=== Begin Enclosure ===
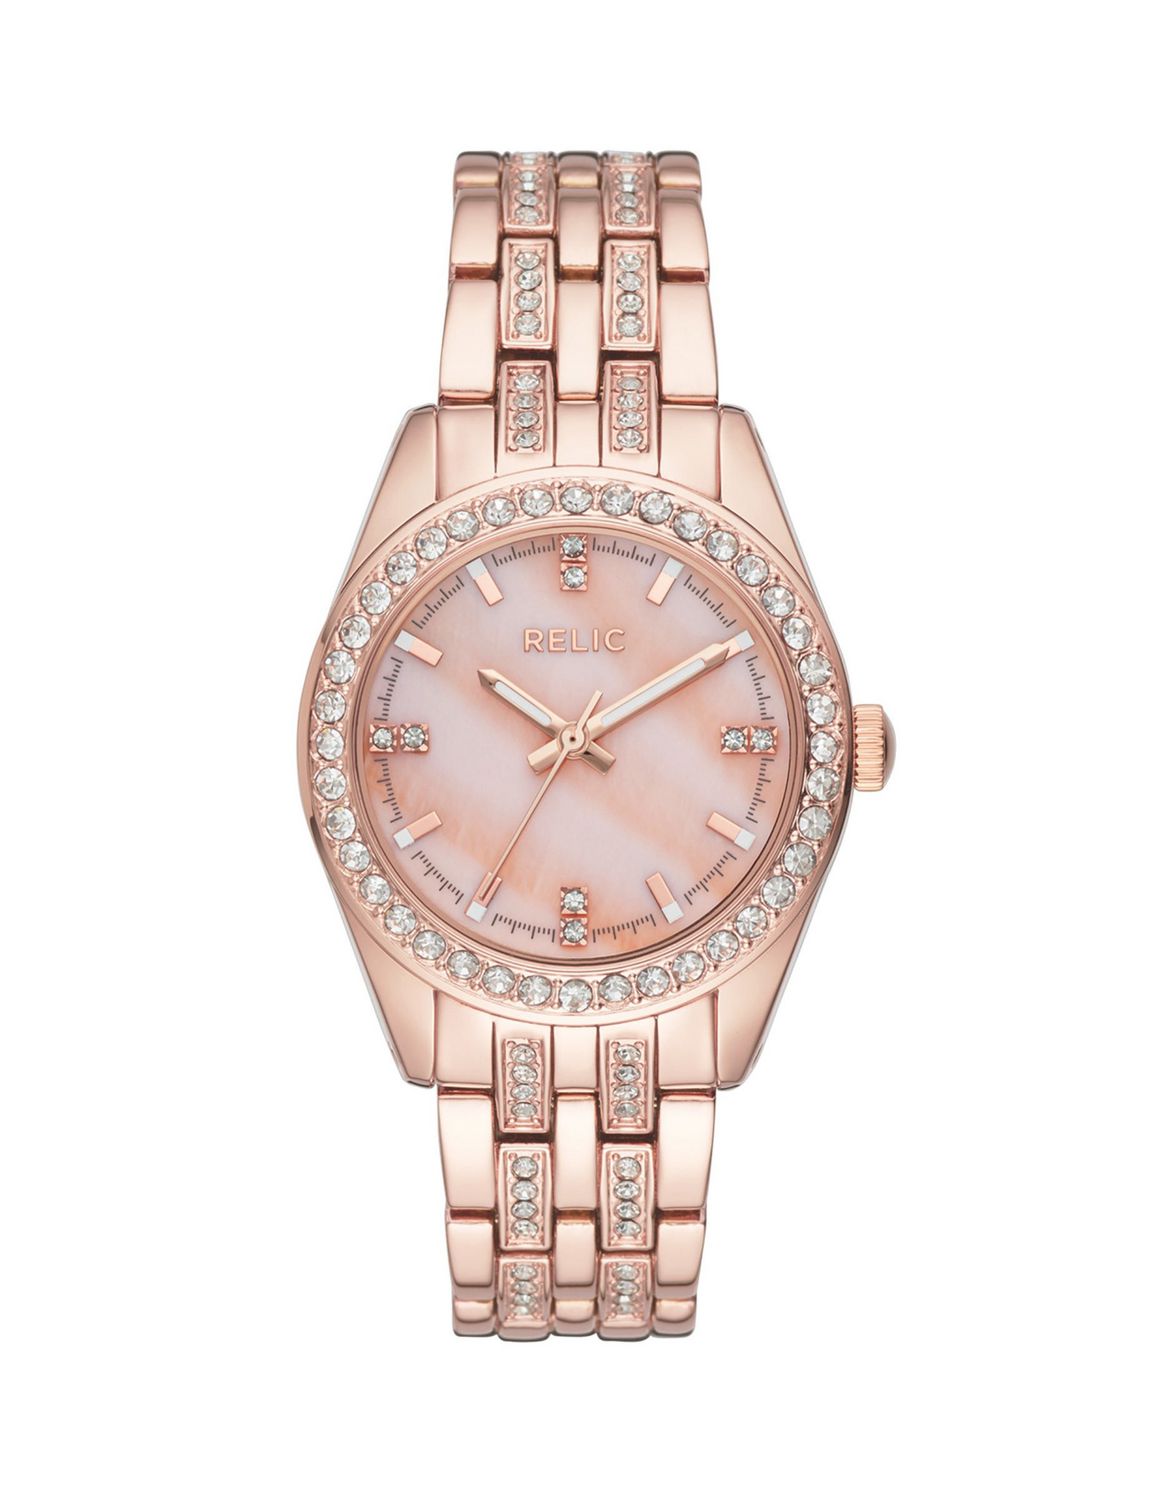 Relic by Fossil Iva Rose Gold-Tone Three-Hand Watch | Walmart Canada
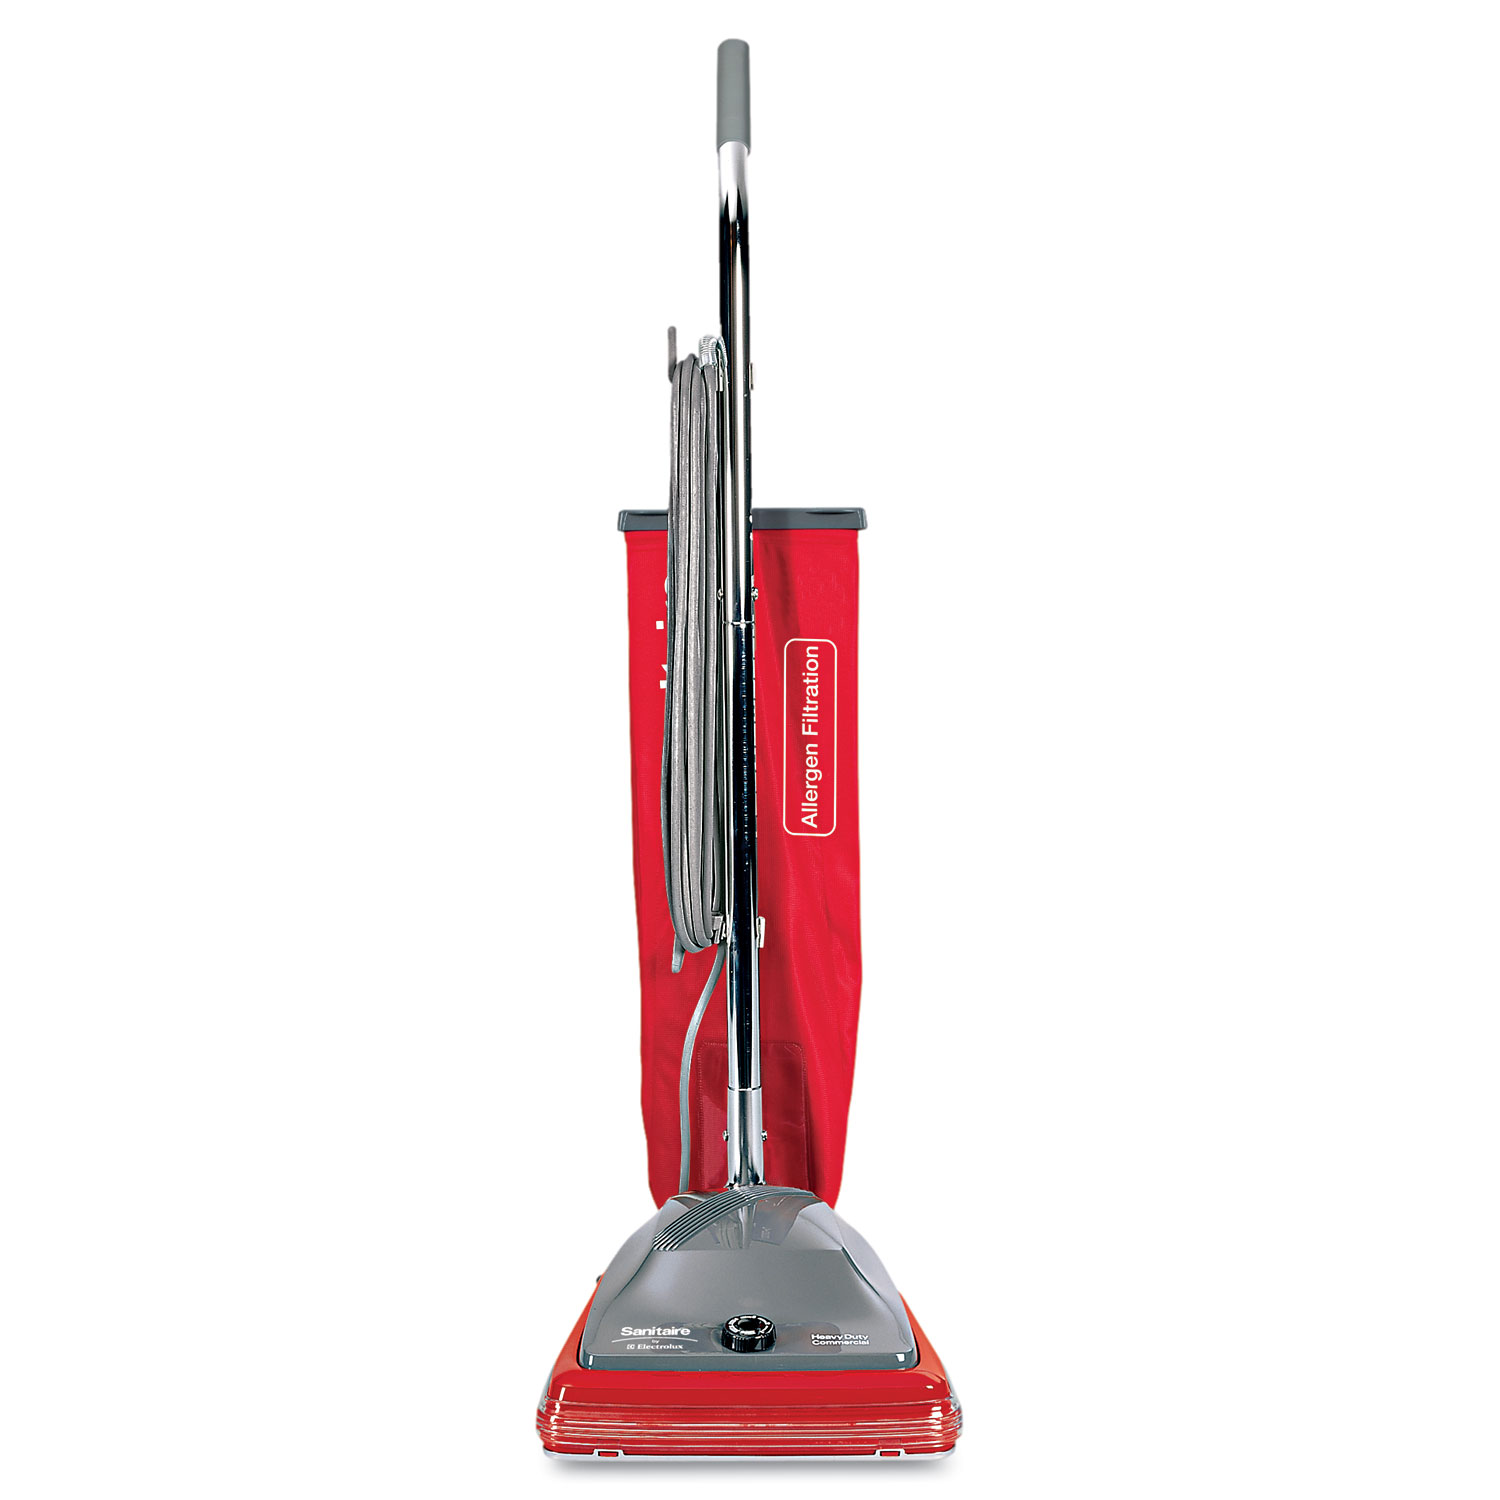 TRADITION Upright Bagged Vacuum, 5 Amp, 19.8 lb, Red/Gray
=== End Enclosure ===
=== Begin Enclosure ===
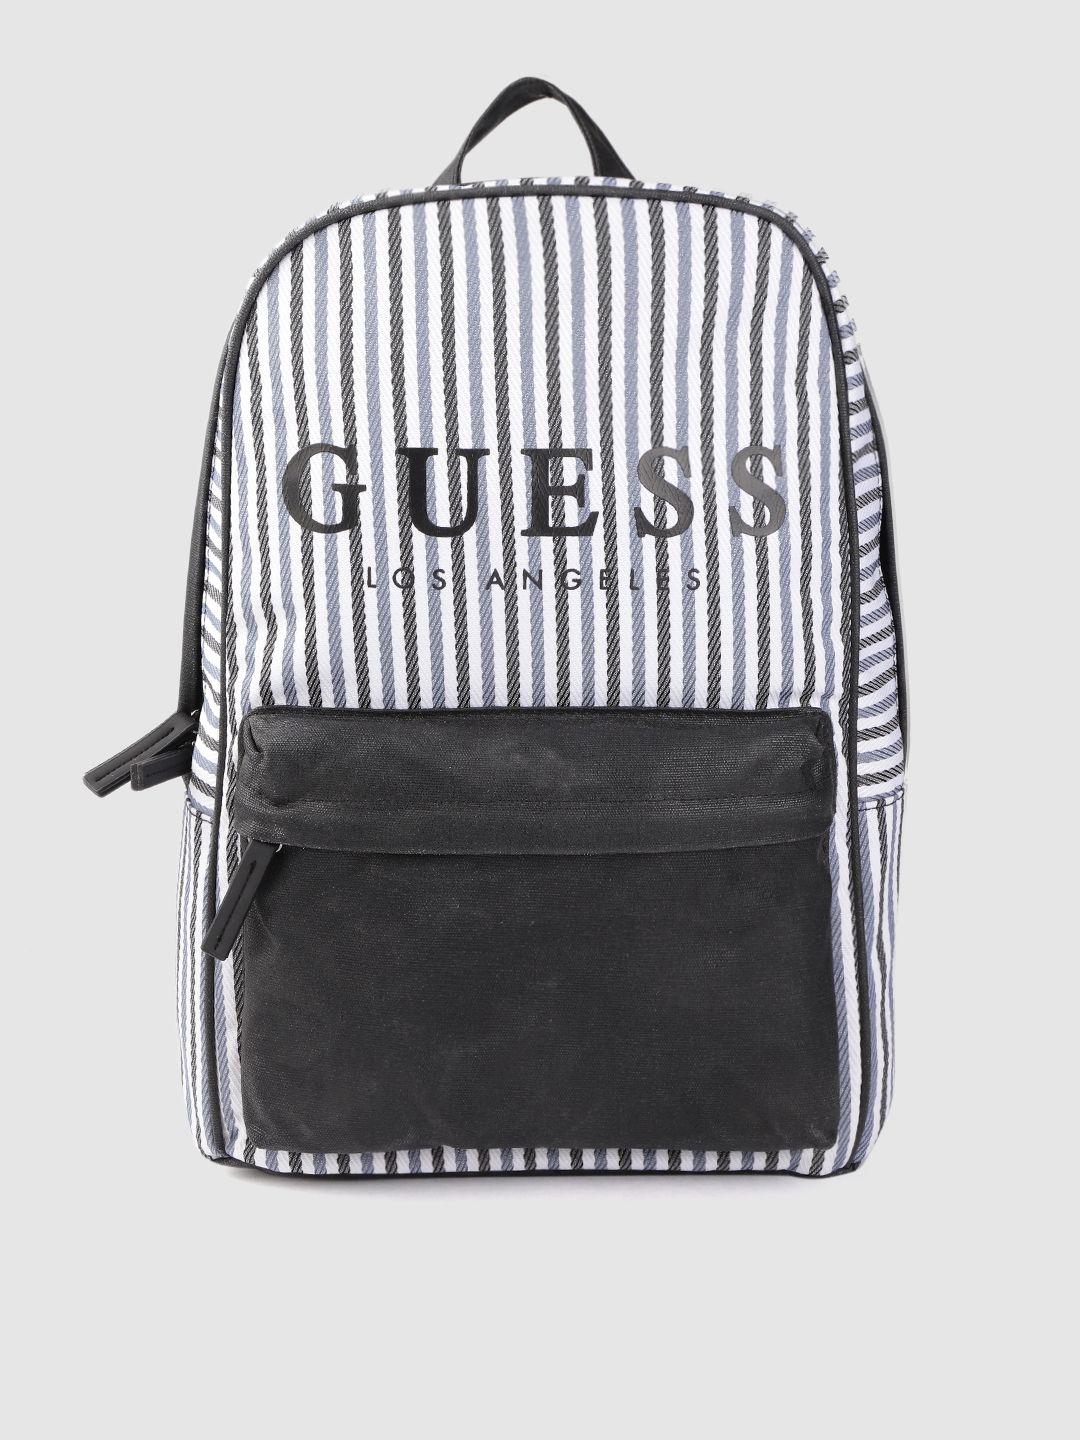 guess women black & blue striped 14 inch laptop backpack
=== End Enclosure ===
=== Begin Enclosure ===
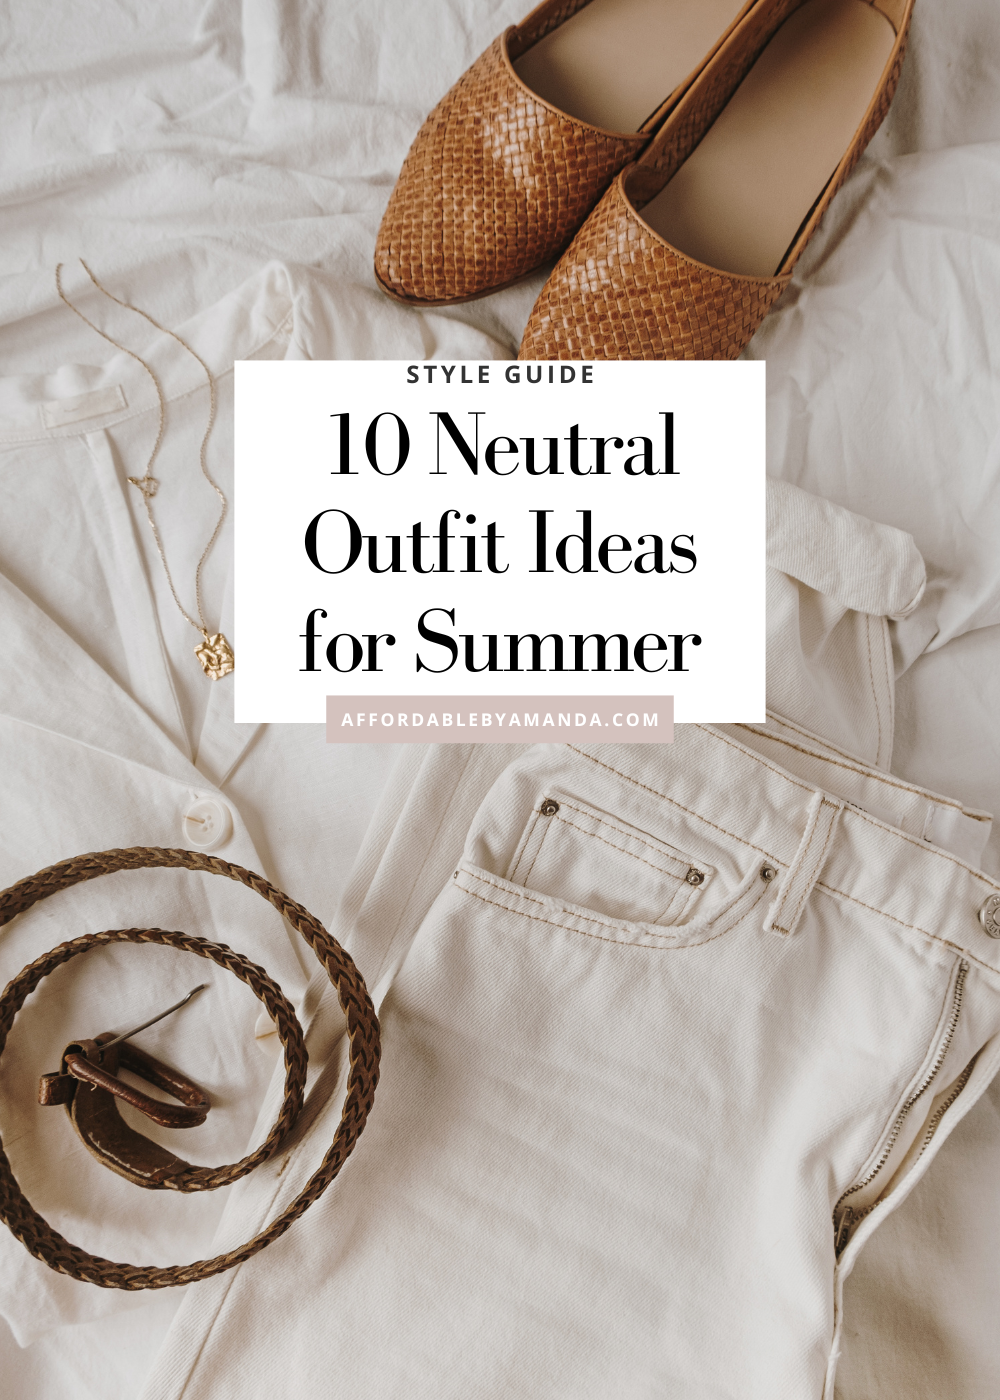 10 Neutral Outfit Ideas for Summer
=== End Enclosure ===
**Task details:** Copy out the lines above from the line containing "Relic by Fossil" through the line containing "TRADITION Upright Bagged", exactly, and keep the pictures out.

**Your response:**
 Relic by Fossil Iva Rose Gold-Tone Three-Hand Watch | Walmart Canada
 TRADITION Upright Bagged Vacuum, 5 Amp, 19.8 lb, Red/Gray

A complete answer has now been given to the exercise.